Task directions — Please repeat exactly the lines below from the one containing "White Crayon - Hard Hat Sticker" down to the one containing "พรรณนาโวหาร หมายถึงอะไร?, คำในภาษาไทย", both included, and nothing else.

Data in this exercise —
- - -

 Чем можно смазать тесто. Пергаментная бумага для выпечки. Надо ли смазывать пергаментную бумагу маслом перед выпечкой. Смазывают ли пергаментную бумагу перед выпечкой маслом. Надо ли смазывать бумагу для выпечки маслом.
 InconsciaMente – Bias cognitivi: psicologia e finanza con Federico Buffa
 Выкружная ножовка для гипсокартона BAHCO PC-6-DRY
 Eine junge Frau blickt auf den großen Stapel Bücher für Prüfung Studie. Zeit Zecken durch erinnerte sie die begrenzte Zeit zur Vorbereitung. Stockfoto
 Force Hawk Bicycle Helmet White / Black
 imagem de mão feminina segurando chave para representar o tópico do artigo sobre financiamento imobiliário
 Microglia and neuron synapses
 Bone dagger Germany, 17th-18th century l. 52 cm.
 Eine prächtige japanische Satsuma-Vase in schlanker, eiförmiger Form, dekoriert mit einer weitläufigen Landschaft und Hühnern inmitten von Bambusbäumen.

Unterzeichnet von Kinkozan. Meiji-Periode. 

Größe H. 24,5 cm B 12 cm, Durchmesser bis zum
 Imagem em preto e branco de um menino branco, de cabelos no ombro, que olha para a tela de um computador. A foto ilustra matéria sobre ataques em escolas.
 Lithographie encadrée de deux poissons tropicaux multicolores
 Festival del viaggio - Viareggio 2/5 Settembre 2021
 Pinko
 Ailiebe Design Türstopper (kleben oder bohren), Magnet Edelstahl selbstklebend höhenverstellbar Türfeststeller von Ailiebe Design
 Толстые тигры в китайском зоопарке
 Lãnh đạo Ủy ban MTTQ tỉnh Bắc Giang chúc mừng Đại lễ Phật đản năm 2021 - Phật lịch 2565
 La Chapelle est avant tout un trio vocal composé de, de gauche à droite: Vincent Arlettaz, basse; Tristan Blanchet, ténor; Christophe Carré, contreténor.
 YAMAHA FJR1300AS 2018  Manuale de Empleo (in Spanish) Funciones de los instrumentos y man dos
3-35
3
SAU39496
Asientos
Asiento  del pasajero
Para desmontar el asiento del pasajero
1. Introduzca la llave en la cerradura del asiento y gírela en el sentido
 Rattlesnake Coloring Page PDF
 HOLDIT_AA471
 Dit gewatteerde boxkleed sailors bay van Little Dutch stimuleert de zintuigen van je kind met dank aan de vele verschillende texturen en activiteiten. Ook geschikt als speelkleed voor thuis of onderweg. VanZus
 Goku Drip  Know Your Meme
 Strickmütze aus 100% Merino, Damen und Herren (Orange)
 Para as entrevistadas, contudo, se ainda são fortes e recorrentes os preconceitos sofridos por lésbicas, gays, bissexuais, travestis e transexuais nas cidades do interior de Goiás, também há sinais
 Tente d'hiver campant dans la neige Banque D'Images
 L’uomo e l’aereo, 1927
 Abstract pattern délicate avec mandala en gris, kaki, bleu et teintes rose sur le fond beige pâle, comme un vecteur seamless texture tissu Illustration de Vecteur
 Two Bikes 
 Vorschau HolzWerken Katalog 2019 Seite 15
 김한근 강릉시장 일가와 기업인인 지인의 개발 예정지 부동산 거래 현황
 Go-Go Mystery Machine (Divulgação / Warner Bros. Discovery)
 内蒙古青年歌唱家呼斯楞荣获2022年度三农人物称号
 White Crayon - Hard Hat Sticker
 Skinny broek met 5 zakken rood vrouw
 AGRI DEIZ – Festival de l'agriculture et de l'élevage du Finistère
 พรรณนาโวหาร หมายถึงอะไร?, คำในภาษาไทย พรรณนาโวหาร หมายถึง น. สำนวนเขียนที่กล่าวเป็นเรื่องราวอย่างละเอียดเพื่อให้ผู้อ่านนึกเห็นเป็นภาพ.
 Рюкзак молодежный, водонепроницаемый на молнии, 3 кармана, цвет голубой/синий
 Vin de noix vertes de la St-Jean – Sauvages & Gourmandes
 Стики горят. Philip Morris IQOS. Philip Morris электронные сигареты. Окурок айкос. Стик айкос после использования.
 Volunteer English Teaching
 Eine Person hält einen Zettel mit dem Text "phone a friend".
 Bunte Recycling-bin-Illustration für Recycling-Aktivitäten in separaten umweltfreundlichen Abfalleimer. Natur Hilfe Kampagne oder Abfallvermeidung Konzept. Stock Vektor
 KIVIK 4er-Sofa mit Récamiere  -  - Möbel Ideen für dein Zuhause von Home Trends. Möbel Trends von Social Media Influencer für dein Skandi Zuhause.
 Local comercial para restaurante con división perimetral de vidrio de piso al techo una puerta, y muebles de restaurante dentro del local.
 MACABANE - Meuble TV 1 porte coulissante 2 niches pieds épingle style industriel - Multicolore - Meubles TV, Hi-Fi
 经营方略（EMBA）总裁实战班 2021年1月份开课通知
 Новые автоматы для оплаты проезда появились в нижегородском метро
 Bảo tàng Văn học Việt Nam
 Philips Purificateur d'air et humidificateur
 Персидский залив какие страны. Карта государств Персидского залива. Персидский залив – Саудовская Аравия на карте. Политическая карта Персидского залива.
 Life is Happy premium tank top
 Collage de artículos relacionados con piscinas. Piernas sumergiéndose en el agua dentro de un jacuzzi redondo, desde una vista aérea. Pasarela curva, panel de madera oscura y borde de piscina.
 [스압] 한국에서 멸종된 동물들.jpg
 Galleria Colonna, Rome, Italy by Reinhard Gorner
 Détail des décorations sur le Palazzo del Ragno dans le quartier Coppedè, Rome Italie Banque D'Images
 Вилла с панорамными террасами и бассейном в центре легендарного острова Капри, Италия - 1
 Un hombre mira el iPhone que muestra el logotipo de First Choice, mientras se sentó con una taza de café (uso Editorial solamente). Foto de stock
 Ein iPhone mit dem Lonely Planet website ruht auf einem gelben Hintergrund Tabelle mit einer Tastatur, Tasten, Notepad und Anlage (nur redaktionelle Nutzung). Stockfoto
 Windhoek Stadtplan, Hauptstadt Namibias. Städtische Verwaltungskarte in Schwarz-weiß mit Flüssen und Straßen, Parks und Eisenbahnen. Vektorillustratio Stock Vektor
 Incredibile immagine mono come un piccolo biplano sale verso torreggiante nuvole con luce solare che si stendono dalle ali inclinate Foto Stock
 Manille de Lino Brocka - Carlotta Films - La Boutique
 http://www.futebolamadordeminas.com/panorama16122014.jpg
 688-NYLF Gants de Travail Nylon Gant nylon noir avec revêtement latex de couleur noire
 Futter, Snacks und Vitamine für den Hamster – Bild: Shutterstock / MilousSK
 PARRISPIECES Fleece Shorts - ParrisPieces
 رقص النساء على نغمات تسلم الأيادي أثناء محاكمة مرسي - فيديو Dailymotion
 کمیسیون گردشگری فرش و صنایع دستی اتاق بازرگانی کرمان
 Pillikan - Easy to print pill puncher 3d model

- - -

Response —
 White Crayon - Hard Hat Sticker
 Skinny broek met 5 zakken rood vrouw
 AGRI DEIZ – Festival de l'agriculture et de l'élevage du Finistère
 พรรณนาโวหาร หมายถึงอะไร?, คำในภาษาไทย พรรณนาโวหาร หมายถึง น. สำนวนเขียนที่กล่าวเป็นเรื่องราวอย่างละเอียดเพื่อให้ผู้อ่านนึกเห็นเป็นภาพ.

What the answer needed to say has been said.